# Model Evaluaion
This notebook is used to evaluate the model performance on a separate test set that was not used during training

In [None]:
# Mount Google Drive
from google.colab import drive
drive.mount('/content/drive')

Mounted at /content/drive


In [None]:
# Import libraries
import matplotlib.pyplot as plt
import numpy as np
import os
import time
import random
from pathlib import Path
import tensorflow as tf
from keras import layers
from keras import losses
from keras import ops
from keras import metrics
from keras import Model
import keras

target_shape = (75, 75)

In [None]:
# Preprocessed dataset saved in drive to read directly

# anchor_path = '/content/drive/MyDrive/celebA Dataset/Matching_triplets/anchor_image.npy'
# pos_path = '/content/drive/MyDrive/celebA Dataset/Matching_triplets/pos_image.npy'
# neg_path = '/content/drive/MyDrive/celebA Dataset/Matching_triplets/neg_image.npy'
# gender_path = '/content/drive/MyDrive/celebA Dataset/Matching_triplets/anchor_gender.npy'
# age_path = '/content/drive/MyDrive/celebA Dataset/Matching_triplets/anchor_age.npy'

# saved_model_dir = '/content/drive/MyDrive/celebA Dataset/weights/complete_dataset'

anchor_path = '/content/drive/MyDrive/DEPI_Project/Matching_triplets/anchor_image.npy'
pos_path = '/content/drive/MyDrive/DEPI_Project/Matching_triplets/pos_image.npy'
neg_path = '/content/drive/MyDrive/DEPI_Project/Matching_triplets/neg_image.npy'
gender_path = '/content/drive/MyDrive/DEPI_Project/Matching_triplets/anchor_gender.npy'
age_path = '/content/drive/MyDrive/DEPI_Project/Matching_triplets/anchor_age.npy'

saved_model_dir = '/content/drive/MyDrive/DEPI_Project/weights'

In [None]:

def preprocess_image(image):
    """
    Preprocess the input image by resizing it to the target shape.
    """
    image = tf.image.resize(image, target_shape)
    image = tf.image.convert_image_dtype(image, tf.float32)  # Ensure float32
    return image

In [None]:
@keras.saving.register_keras_serializable()
class DistanceLayer(layers.Layer):
    """
    This layer is responsible for computing the distance between the anchor
    embedding and a test image embedding.
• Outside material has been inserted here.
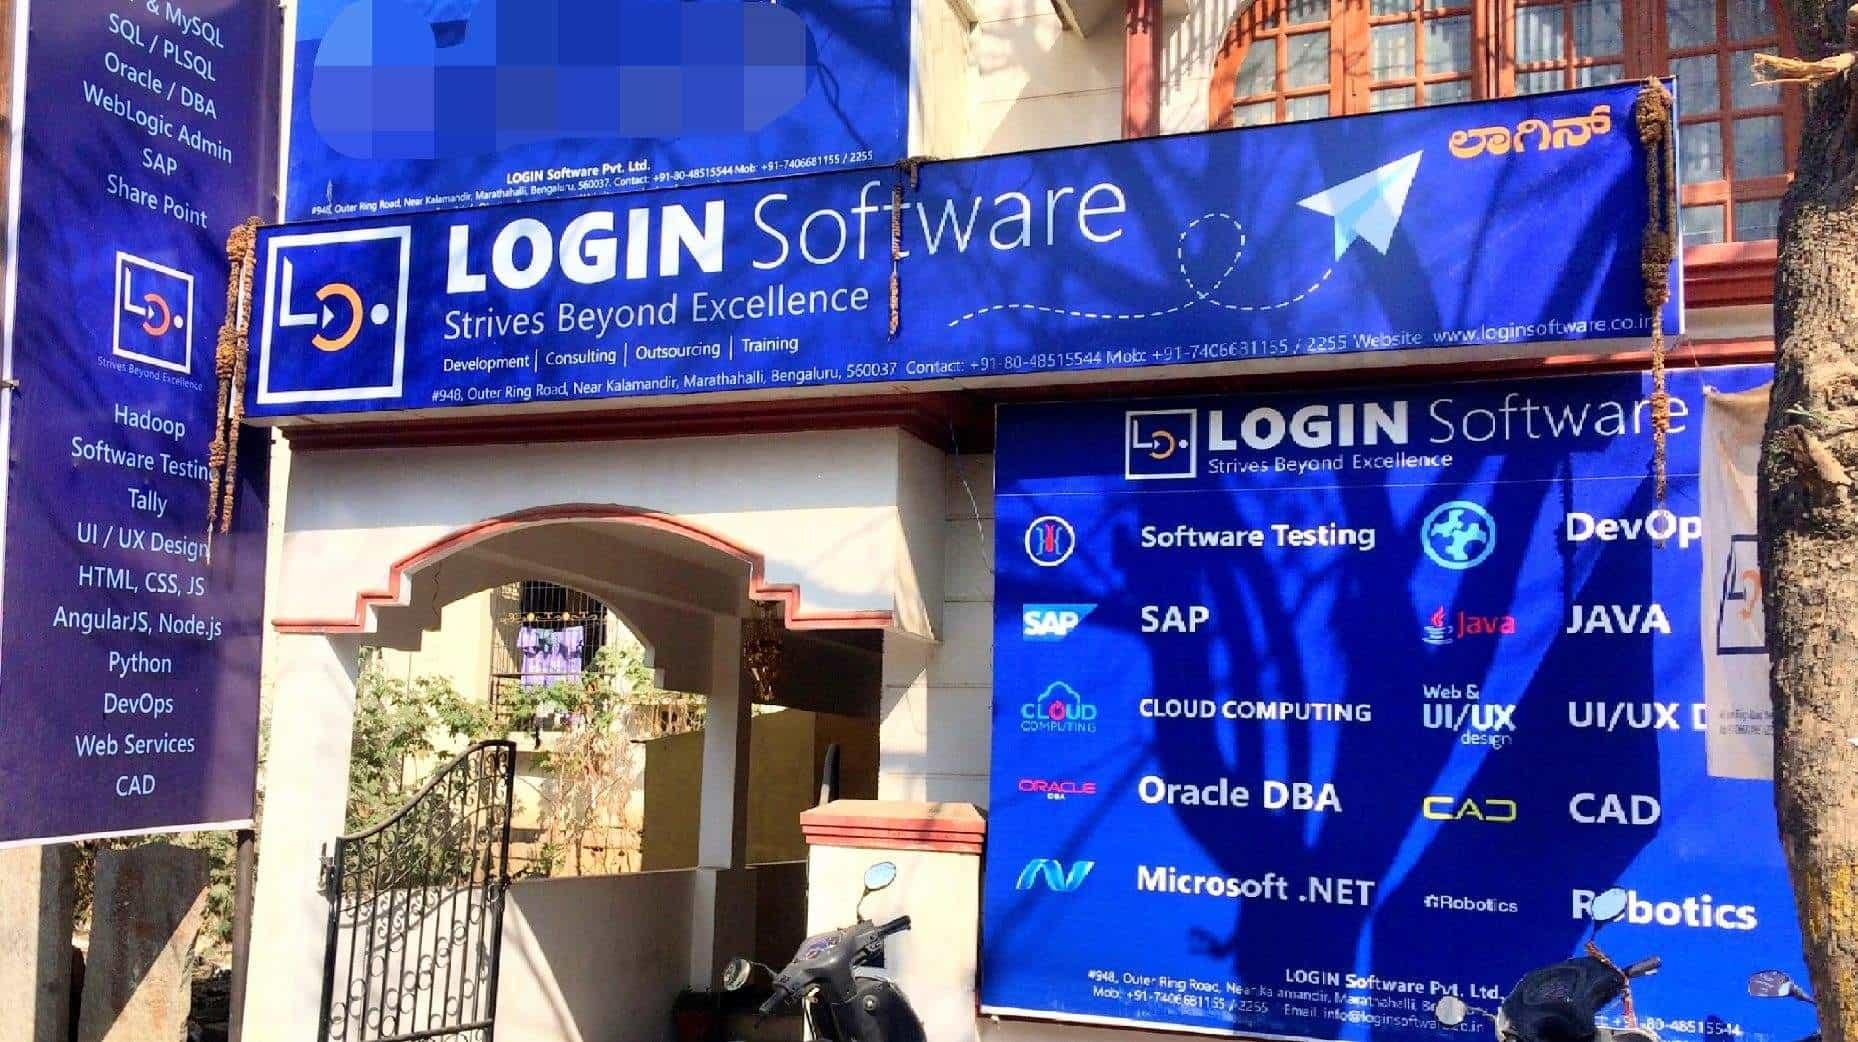 Login Software Pvt Ltd, Marathahalli - Computer Training

The test image may be positive or
    negative sample.
    """

    def __init__(self, **kwargs):
        super().__init__(**kwargs)

    def call(self, anchor, test):
        at_distance = ops.sum(tf.square(anchor - test), -1)     # distance between anchor and test images
        return at_distance


In [None]:
def test_dataset_generator(batch_size, mode='test'):
    """
    Generator function to yield batches of triplets for testing.
    """
    # Load the full datasets using memory mapping
    num_used_samples_train = 15000
    test_samples = 3000
    anchor_images = np.load(anchor_path, mmap_mode='r')[num_used_samples_train:18000]
    positive_images = np.load(pos_path, mmap_mode='r')[num_used_samples_train:18000]
    negative_images = np.load(neg_path, mmap_mode='r')[num_used_samples_train:18000]
    anchor_gender = np.load(gender_path, mmap_mode='r')[num_used_samples_train:18000]
    anchor_age = np.load(age_path, mmap_mode='r')[num_used_samples_train:18000]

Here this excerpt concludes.